8.7〜13日記

8.7月
おひるから10月末にやるお芝居のお稽古で渋谷某所。まっぴるまの渋谷は人多くて暑くて地獄。お稽古は、C子せんせいが脚本の冒頭部分を書いて来てくれたので、それを読みながら、そして実際にもう動きながらお稽古した。走り回りながらセリフをしゃべったりして楽しかった。お稽古の休憩中、スイカをいただいたり、カステラをいただいたりした。なんか、稽古なのにこんなにおもてなししていただいてしまって、いいのかな!? という感じ。だけどこの稽古場でもあり、実際お芝居の会場にもなるお屋敷は中庭が見えてほんとに気持ちがいい素敵な場所です。夕方から突然豪雨が降りだし、結構大き目のカエルちゃんが現れて、最初はカエルらしくぴょんこぴょんこ飛んでたのに、途中から普通に4足歩行の獣のように歩きだして、カエルってこんな動きするんか! と発見やった。帰りはすごい豪雨で、傘さしてても意味ないぐらいびっしょり濡れた。渋谷の井の頭線の下らへんにある、おっさん一服スポット的な喫茶店でC子せんせいとコーヒー飲んで帰った。
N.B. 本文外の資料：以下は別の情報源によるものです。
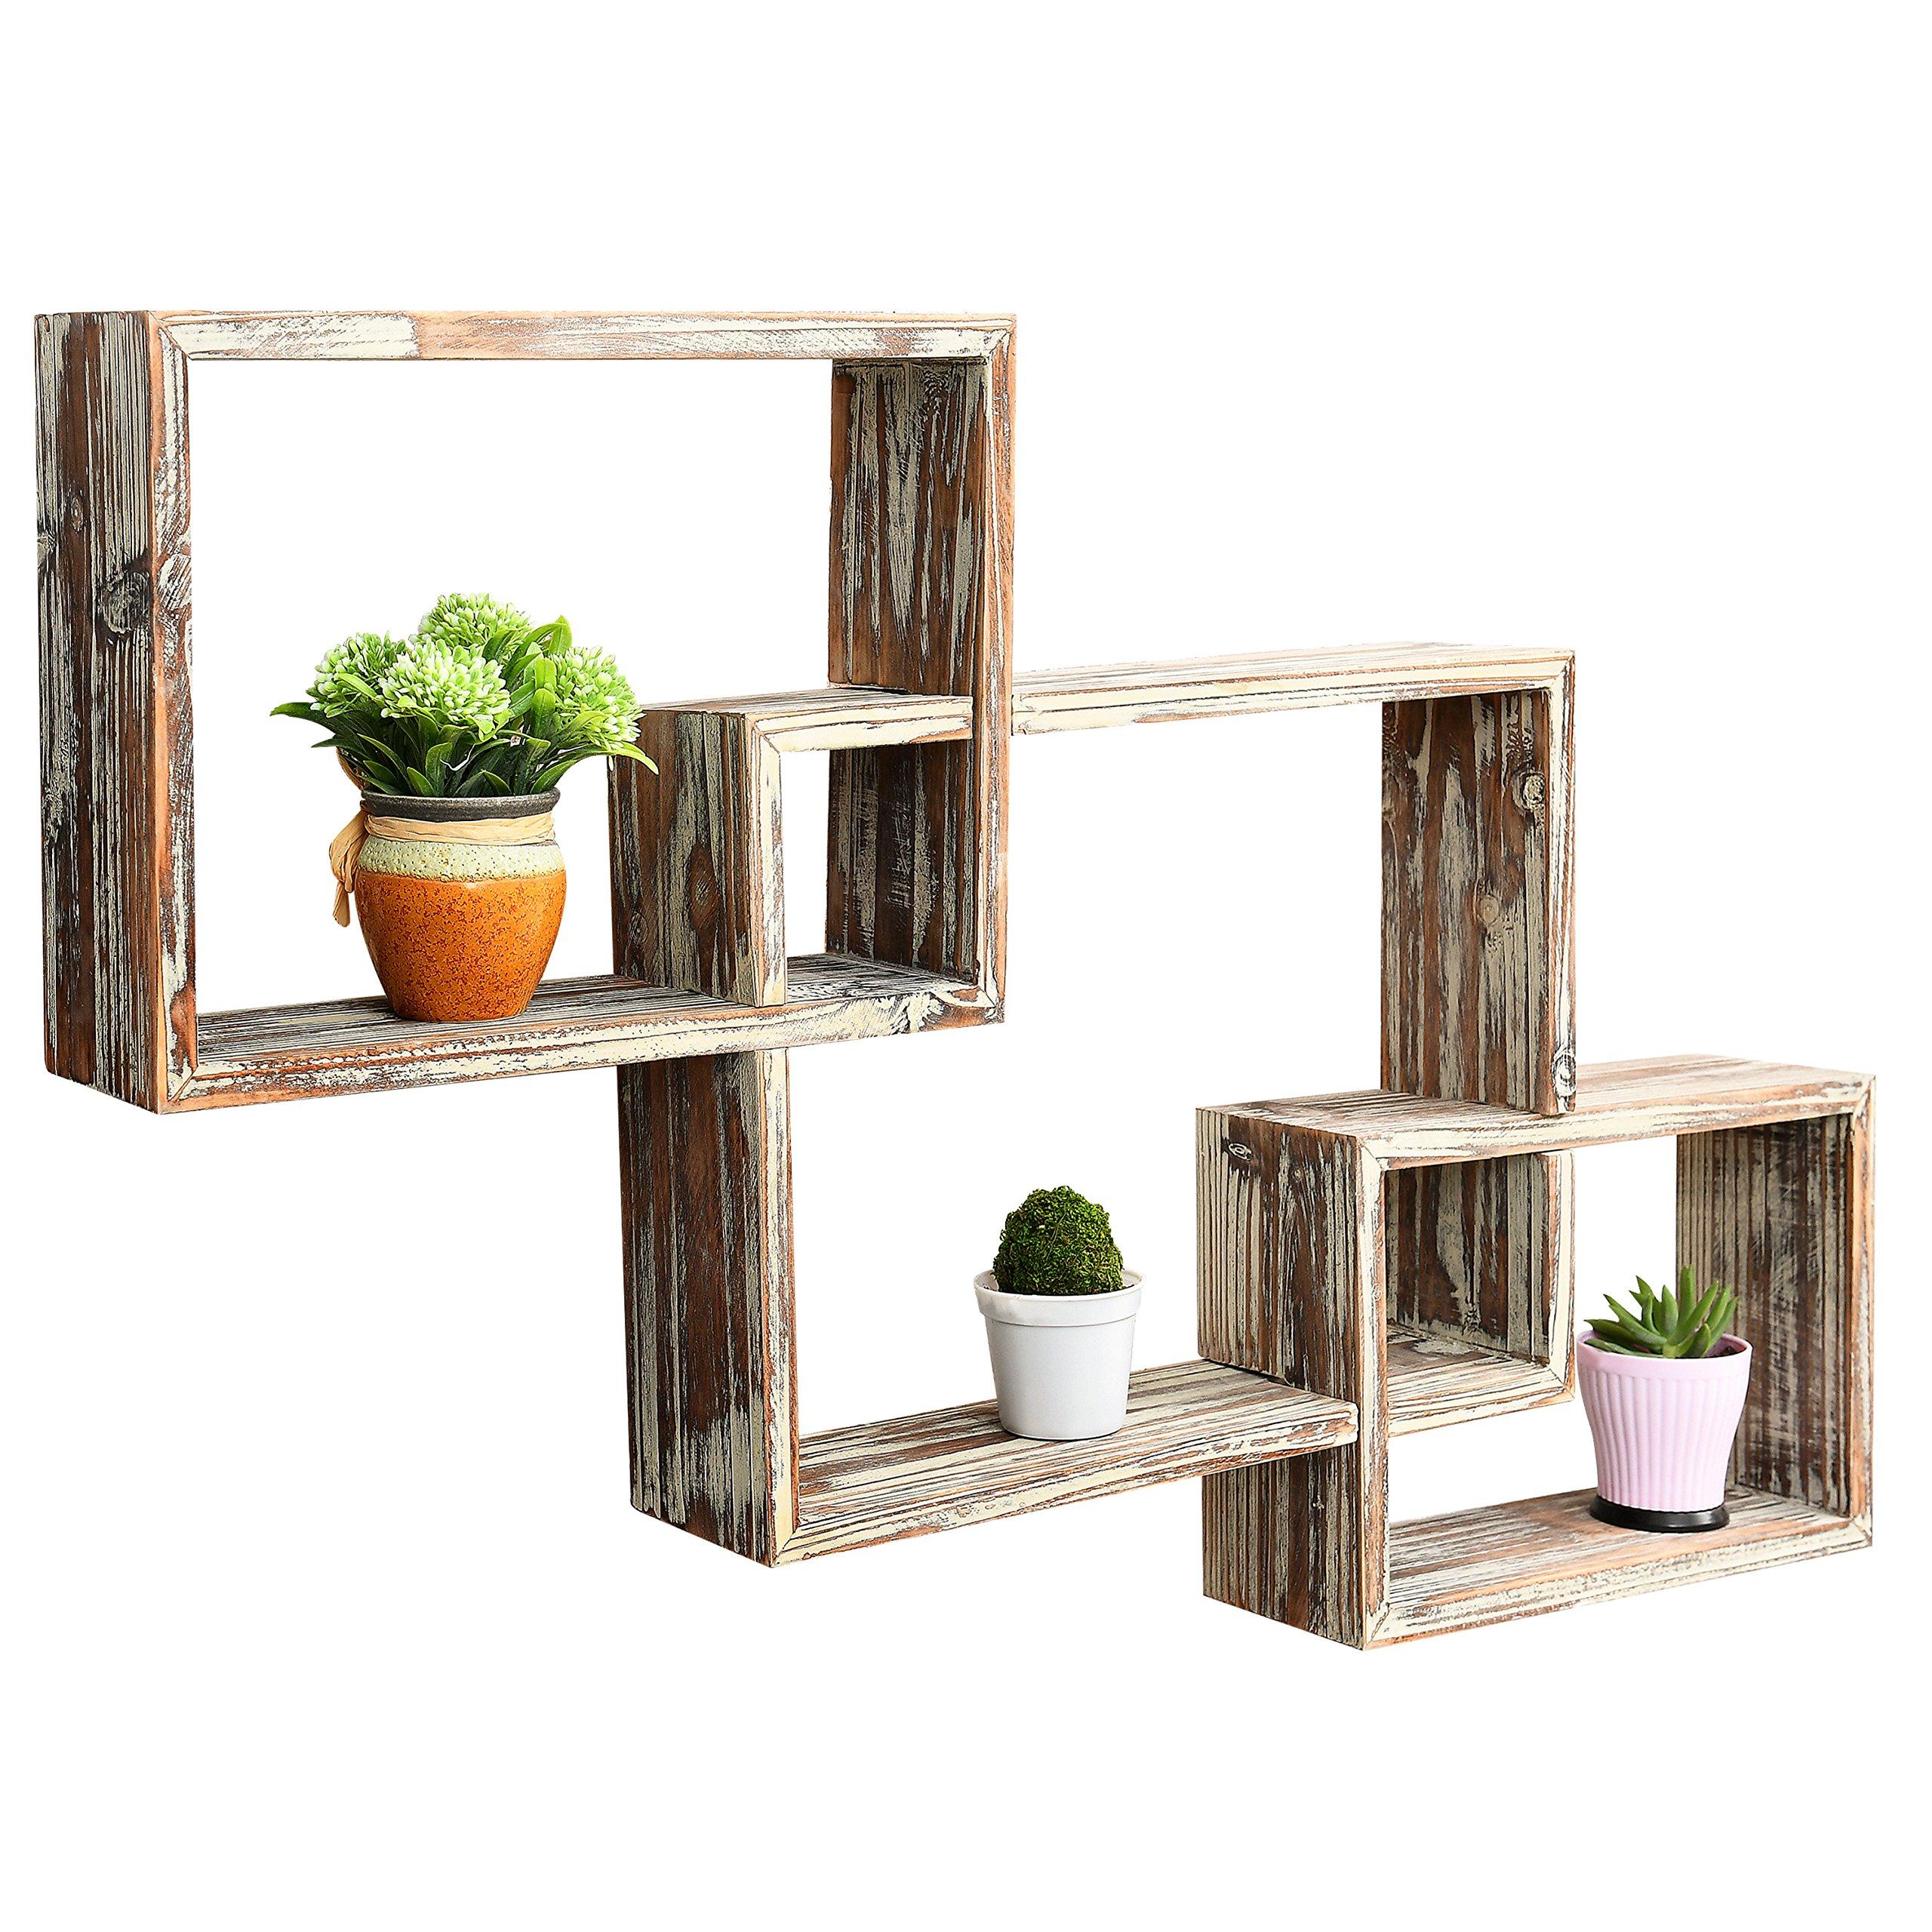 CDM product MyGift Wall-Mounted Country Rustic Brown Interlocking Shadow Box, Floating Box Display Shelves, Set of 3 big image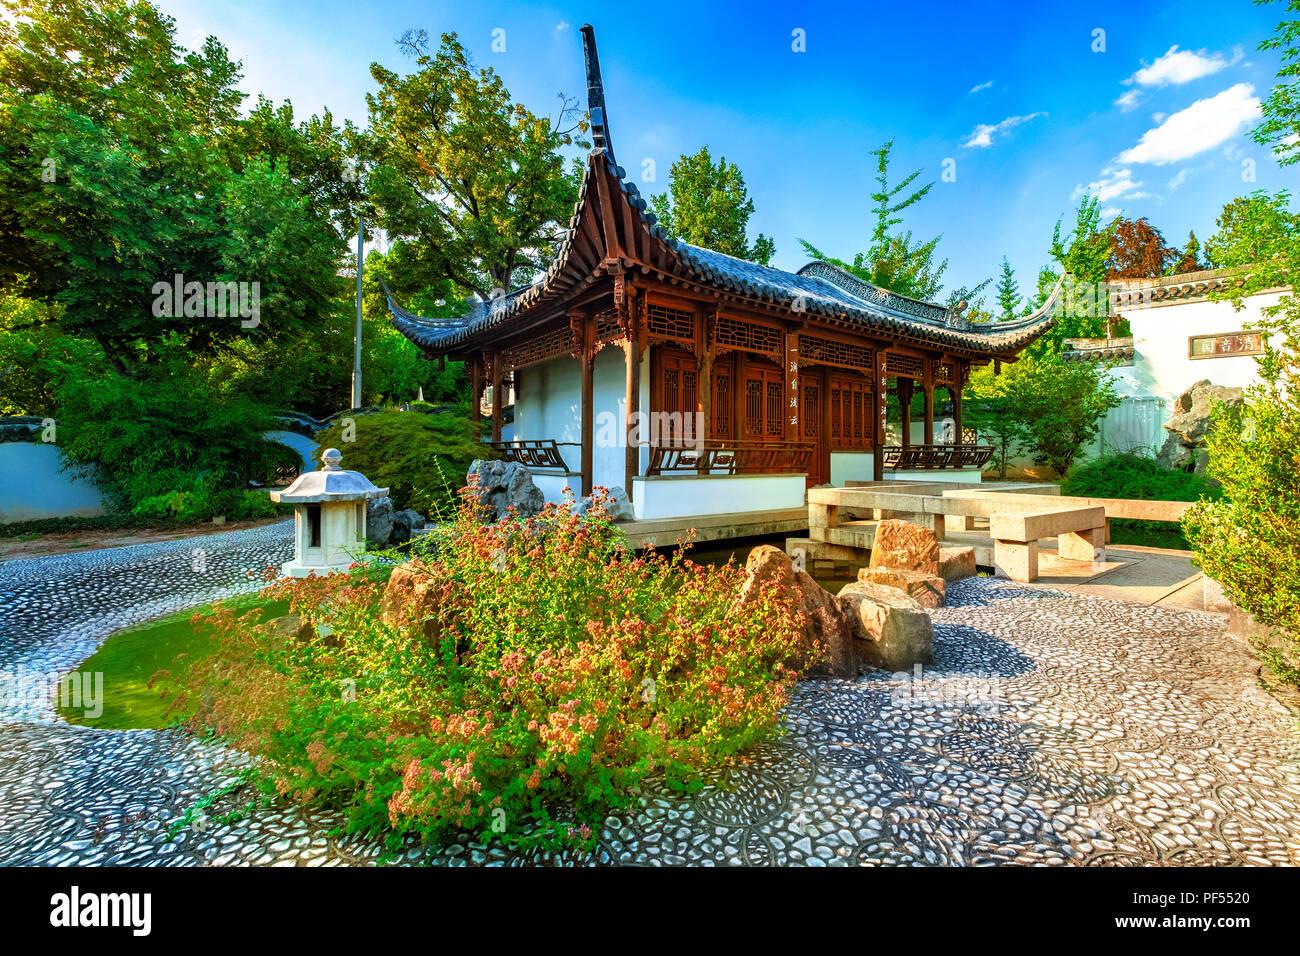 China Garten China Garten Hagenbecks Foto Bild Landschaft Garten

C子せんせいはもともとわたしに最初にお芝居をさせてくれた人で、前回はジャン・ジュネやったし、最初はイヨネスコだって翻訳モノやったんやけど、今回はC子せんせいオリジナル書下ろしの台本で、C子せんせいはやっぱりオリジナルがおもしろい!と再確認した。

8.8火
朝から普通に労働。特筆すべきことはなし。

8.9水
雨が続いたりしてたので洗濯のタイミングを失い、パンツが足りない問題が生じてきてピンチなのであさ4時から洗濯機をまわして干した。今日は天気予報も雨大丈夫ぽいし、朝はとてもいい天気ですでに暑い。それから普通に労働へ。もうお盆休みとかはじまってる人も多いのか、朝のラッシュがちょっといつもよりましになっていた。助かる。労働中、突然雨。うそやん、めっちゃ洗濯干してきたのに、ショックすぎる〜と思いながら、でもはよ帰ったところで一回濡れたもんは濡れたもんであって、急いで取り込んでも意味ないか―と思って、今日は水曜日やし、前から見たかった映画『海辺の生と死』をテアトル新宿へ見に行った。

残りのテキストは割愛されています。